Notes to Financial Statements
December 31, 2003, 2004 and 2005
12. Current Maturities and Long-Term Debt
     In July 1999, Global Preferred issued a $5.0 million, five-year convertible term note to Money Services, Inc. due on July 29, 2004. Money Services is a subsidiary of AEGON USA, Inc. Proceeds of this note were used to reduce a portion of the outstanding principal balance on a line of credit with Money Services.

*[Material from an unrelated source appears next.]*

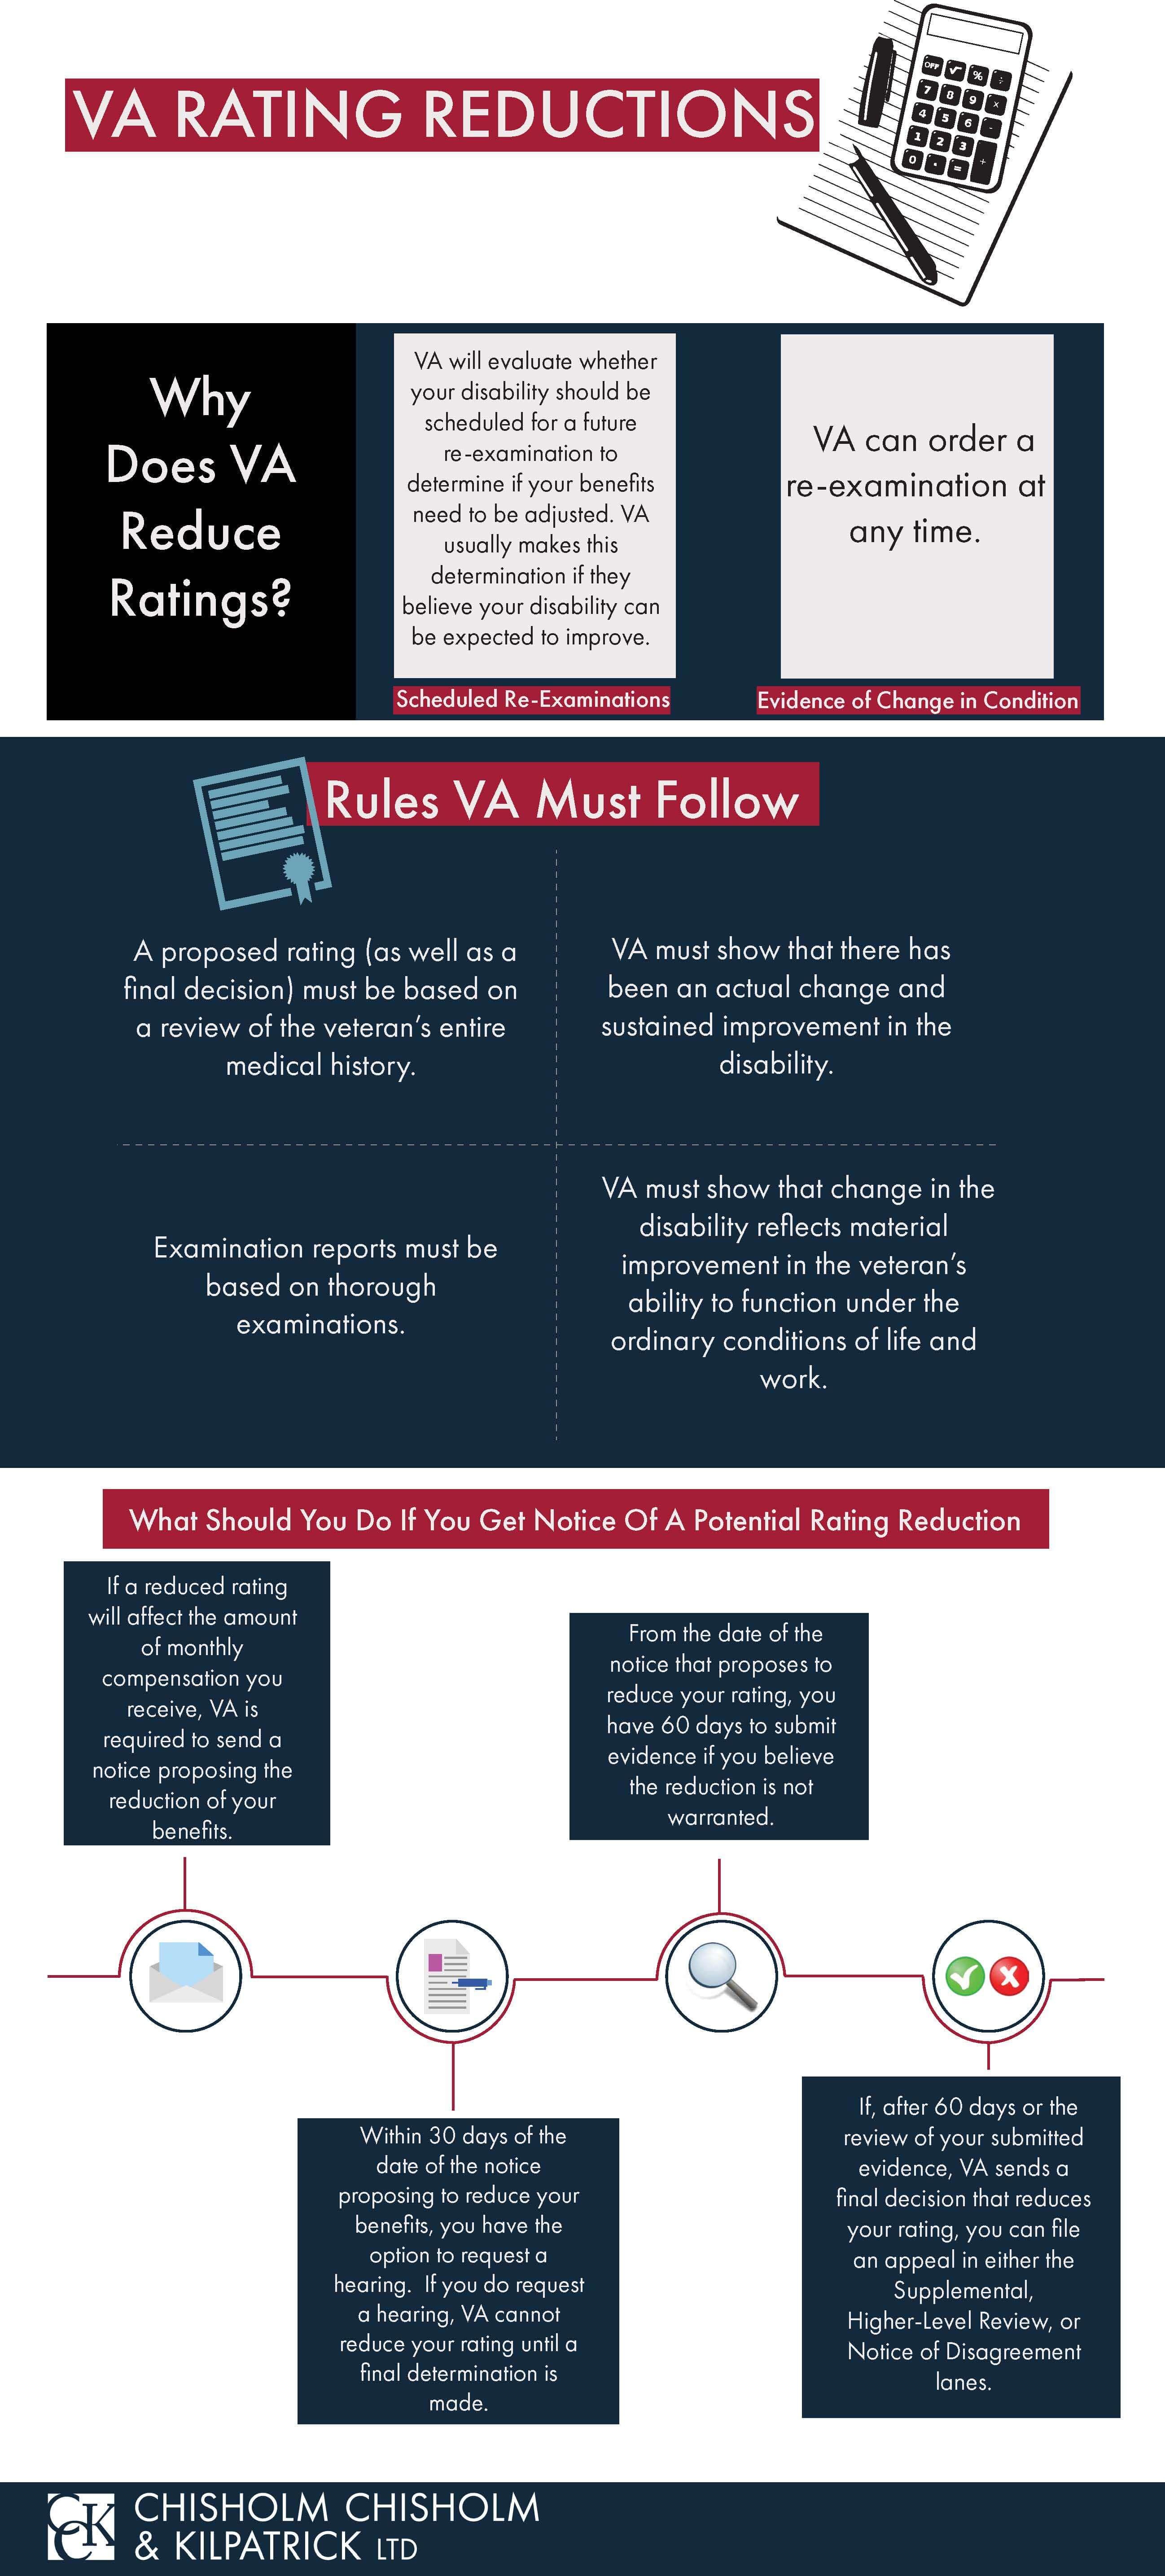 VA Rating Reductions Infographic

Interest was payable at 7.5% per annum (except in the event of redemption), on the 29th of each succeeding January and July through and including July 29, 2004. On July 29, 2004, Global Preferred repaid the note plus accrued interest of $187,500. As of December 31, 2004 and December 31, 2005, Global Preferred had no amounts payable for long-term debt.
13. Comprehensive Income
     The following table sets forth the amounts of other comprehensive income (loss) along with the related tax effects allocated to other comprehensive income (loss) for the respective time periods prior to the sale of Global Preferred Re:
                         
            Tax        
    Before-Tax     (Expense)     Net-of-Tax  
    Amount     Benefit     Amount  
 
                       
Year Ended December 31, 2003
                       
Net unrealized holding gains arising during period
  $ 97,546     $ (33,166 )   $ 64,380  
Less: reclassification adjustment for gains realized in net income
    21,476       (7,302 )     14,174  
 
                 
Other comprehensive income
  $ 76,070     $ (25,864 )   $ 50,206  
 
                 
 
                       
Year Ended December 31, 2004
                       
Net unrealized holding losses arising during period
  $ (41,491 )   $ 14,107     $ (27,384 )
Less: reclassification adjustment for losses realized in net income
    (27,364 )     9,304       (18,060 )
 
                 
Other comprehensive loss
  $ (14,127 )   $ 4,803     $ (9,324 )
 
                 
 
                       
For the Period January 1, 2005 to May 25, 2005
                       
Net unrealized holding losses arising during period
  $ (72,099 )   $ 24,514     $ (47,585 )
Less: reclassification adjustment for gains realized in net income
    36,785       (12,507 )     24,278  
 
                 
Other comprehensive loss
  $ (108,884 )   $ 37,021     $ (71,863 )
 
                 
14. Segment Reporting
     Prior to the sale of Global Preferred Re on May 25, 2005, Global Preferred defined reportable segments based on the nature of its reinsurance agreements and the accounting treatment used for the various reinsurance agreements. Based on this definition, two reportable segments were identified: non-universal life-type agreements and universal life-type agreements (as each is referenced in SFAS No. 97, Accounting and Reporting by Insurance Enterprises for Certain Long-Duration Contracts and for Realized Gains and Losses from the Sale of Investments, paragraphs 44 and 45). Global Preferred Re reinsured certain variable universal life insurance policies on a renewable term basis, which were reported below as Non-Universal Life-Type Agreements and, as such, these revenues were classified as premium revenue. Renewable term reinsurance involves the reinsurance of mortality risk whereby premiums are not directly related to the premium rates on the original plan of insurance. Global Preferred Re’s renewable term agreements were accounted for under SFAS No. 60, Accounting and Reporting by Insurance Enterprises. Global Preferred Re reinsured variable annuity contracts and certain other variable universal life insurance policies on a coinsurance and modified coinsurance basis, which were reported below as Universal Life-Type Agreements and, as such, these revenues were classified as reinsured policy revenues. Coinsurance involves the reinsurance of mortality and investment risks on the same basis as that of the underlying policies. The ceding life companies and Global Preferred Re shared in these risks on a pro rata basis. Global Preferred Re’s coinsurance and modified coinsurance agreements were accounted for under SFAS No. 97.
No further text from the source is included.